Falstaff “thinks he can do anything,” and is “overjoyed” when not only the two women respond to his letter, but a third one does, as well.
“He’s a hog and a mutt,” Alberty said, adding that Falstaff “gambled, ate and whored” his way to poverty.
A veteran actor of classic and comedic roles, from Cyrano to Batman’s Penguin on local stages, Alberty is delighting in this character, where once again, art does not imitate his life.
“If it weren’t for the fact that everyone I run into stereotypes me as Falstaff, I would say it’s a breath of fresh air,” he said. “But I do enjoy him. I think he is one of Shakespeare’s greatest characters. … He’s just so funny, and he seems not self-aware.

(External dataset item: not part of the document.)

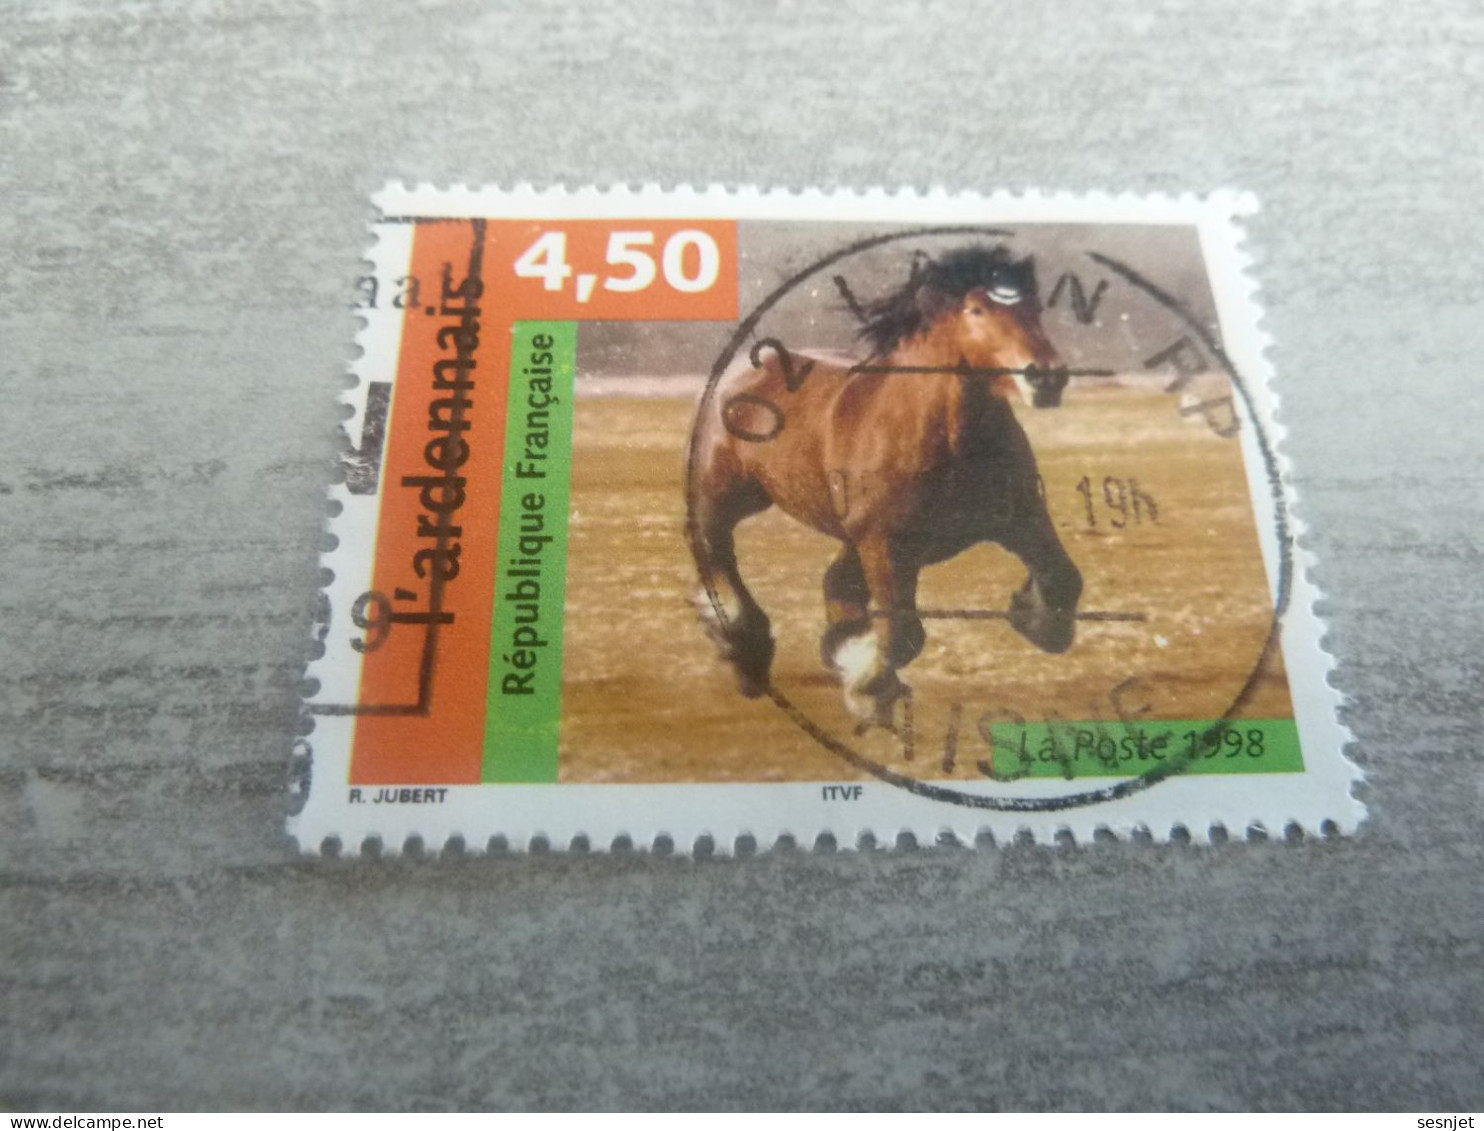 L'Ardennais - Chevaux - 4f.50. - Yt 3185 - Multicolore - Oblitéré - Année 1998 - - Pferde
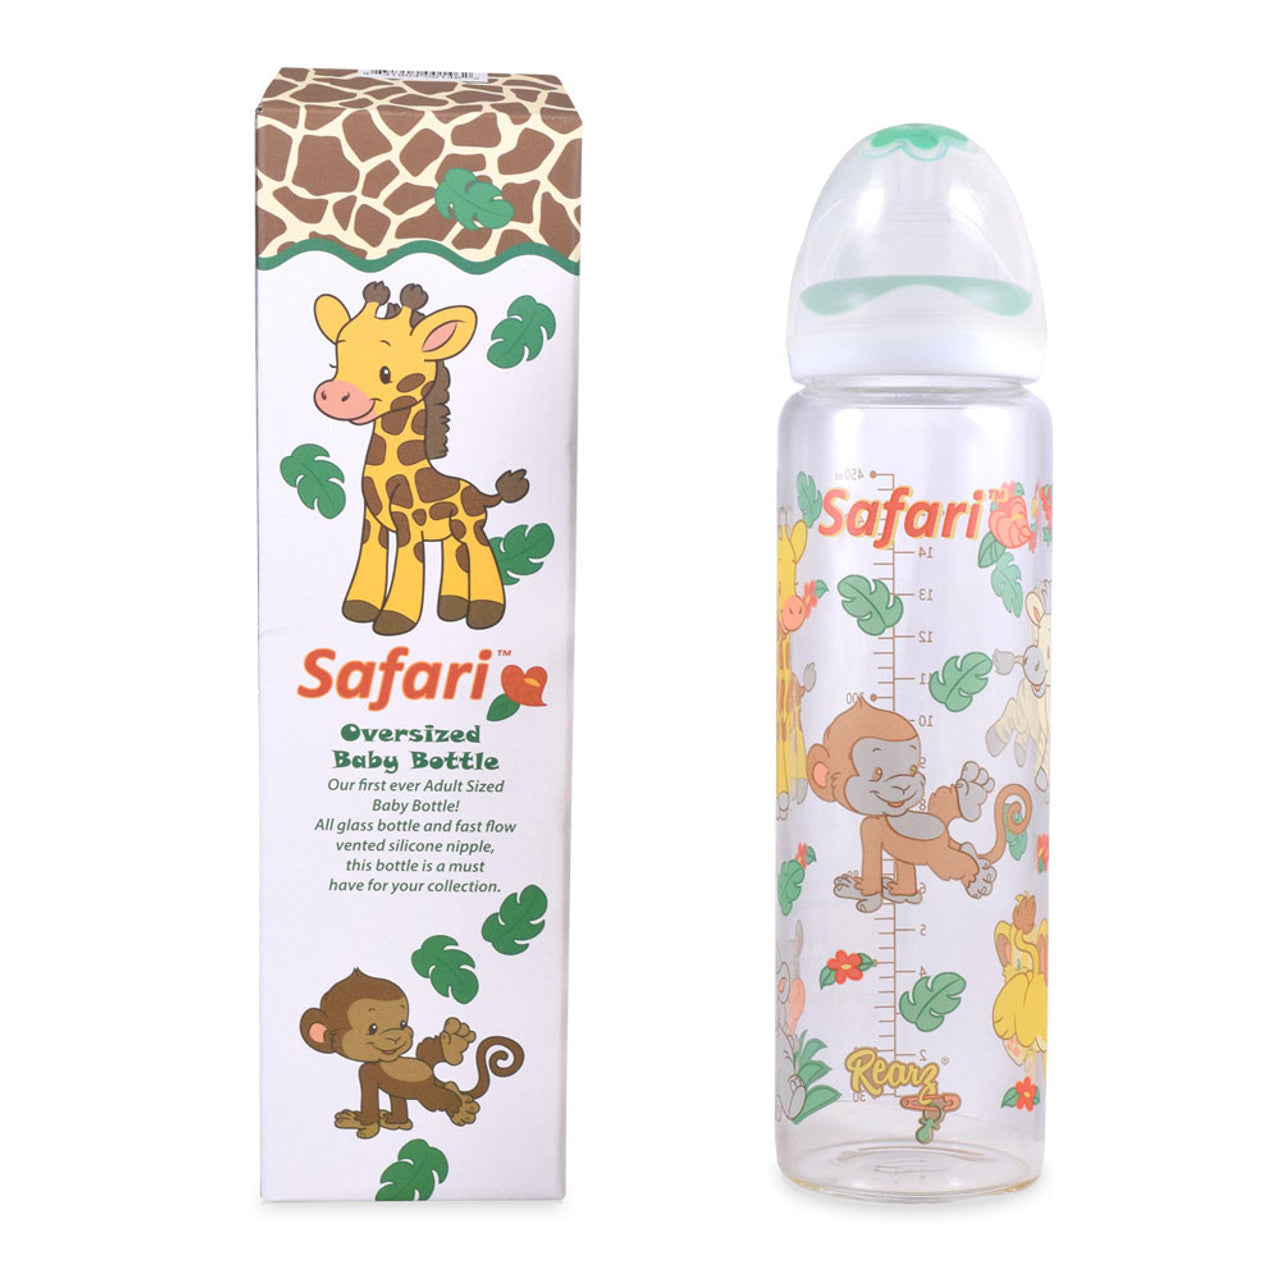 Rearz - Adult Baby Bottle - Safari (Green)

But I think he’s more self-aware than people maybe give him credit for.”
The women, however, know what he’s up to and turn the tables on him.
After Mistress Ford merely greets Falstaff on the street, he misinterprets that as “a key to move in” on her, said Link, 46, who recently dazzled audiences as the Wicked Witch in Theatre Cedar Rapids’ production of “The Wizard of Oz.” By day, Link works at the Cedar Rapids Public Library.
While Mistress Ford is dealing with that, she’s also dealing with her husband, who is “insanely jealous” for no good reason.
“So it’s kind of like, ‘Let’s just laugh at all these men and their stupidity. Let’s get one up on them. Let’s exert our power in a humorous and completely innocuous way.’ And so then she just gets to have a lot of fun with her best friend, making fools of men who are doing a perfectly fine job of it all by themselves,” Link said.
“Don’t tick off the Real Housewives of Windsor,” added Price, 44, a theater professor at Cornell College.
“Mistress Page does not like her reputation to be challenged,” Price said. “And the idea that this man could be trying to woo her and be damaging her reputation is awful. And then on top of it, to find out that not only is he trying to woo her, but her best friend, is just, ‘Are you kidding me? This is not OK.’ She is very much about justice, and we are going to make sure that there is justice.
“There’s something about her need for revenge that I completely understand and I relate to on an inner level,” Price said with a laugh. “So that’s where I completely relate to my character. And there’s something about the law and making sure that we teach lessons and make sure people learn things.”
Price, who has a master’s degree in acting and studied classical theater, also is enjoying the chance to exercise her brain through working the Shakespearean language.
“It puts me in a completely different mind space,” she said.
Crooked Path’s path
Du Laney and husband Chris Okiishi dreamed up Crooked Path Theatre Company before the pandemic, to fill a niche by offering the classics Du Laney loves, and the large musicals that Okiishi loves to turn into small ones.
“That’s the niche we fill. We’re the small musical, and we’re the surprising classicals,” Du Laney said. “We’re trying to give good actors more opportunities in town, particularly for classical theater.”
They began in 2015 by occasionally rolling out shows in found spaces, like an interior design storefront and Iowa City’s East Side Recycling Center. Since then, they also have taken shows to Mirrorbox Theatre in Cedar Rapids and The James Theater in Iowa City,
“Merry Wives” opens the company’s third full season, wrapping up rehearsals at the ICON Arts Academy in downtown Iowa City. Du Laney is building on a model of taking the whole summer to work on a show at a more leisurely pace, allowing for vacations.
“I think Shakespeare is best when it’s slow cooked, because the language is difficult,” Du Laney said. “You want to be able to spend some time with it and let the words happen to you, let the language happen to you. … If I can help it, I will never do it any other way again.”
Link is reveling in the experience.
“There’s just this joyous element,” she said. “And being in the space with a company that works so well together and has a lot of fun together, and to be welcomed into that space, is just a delight. It’s like summer camp, and that’s a lot of fun.”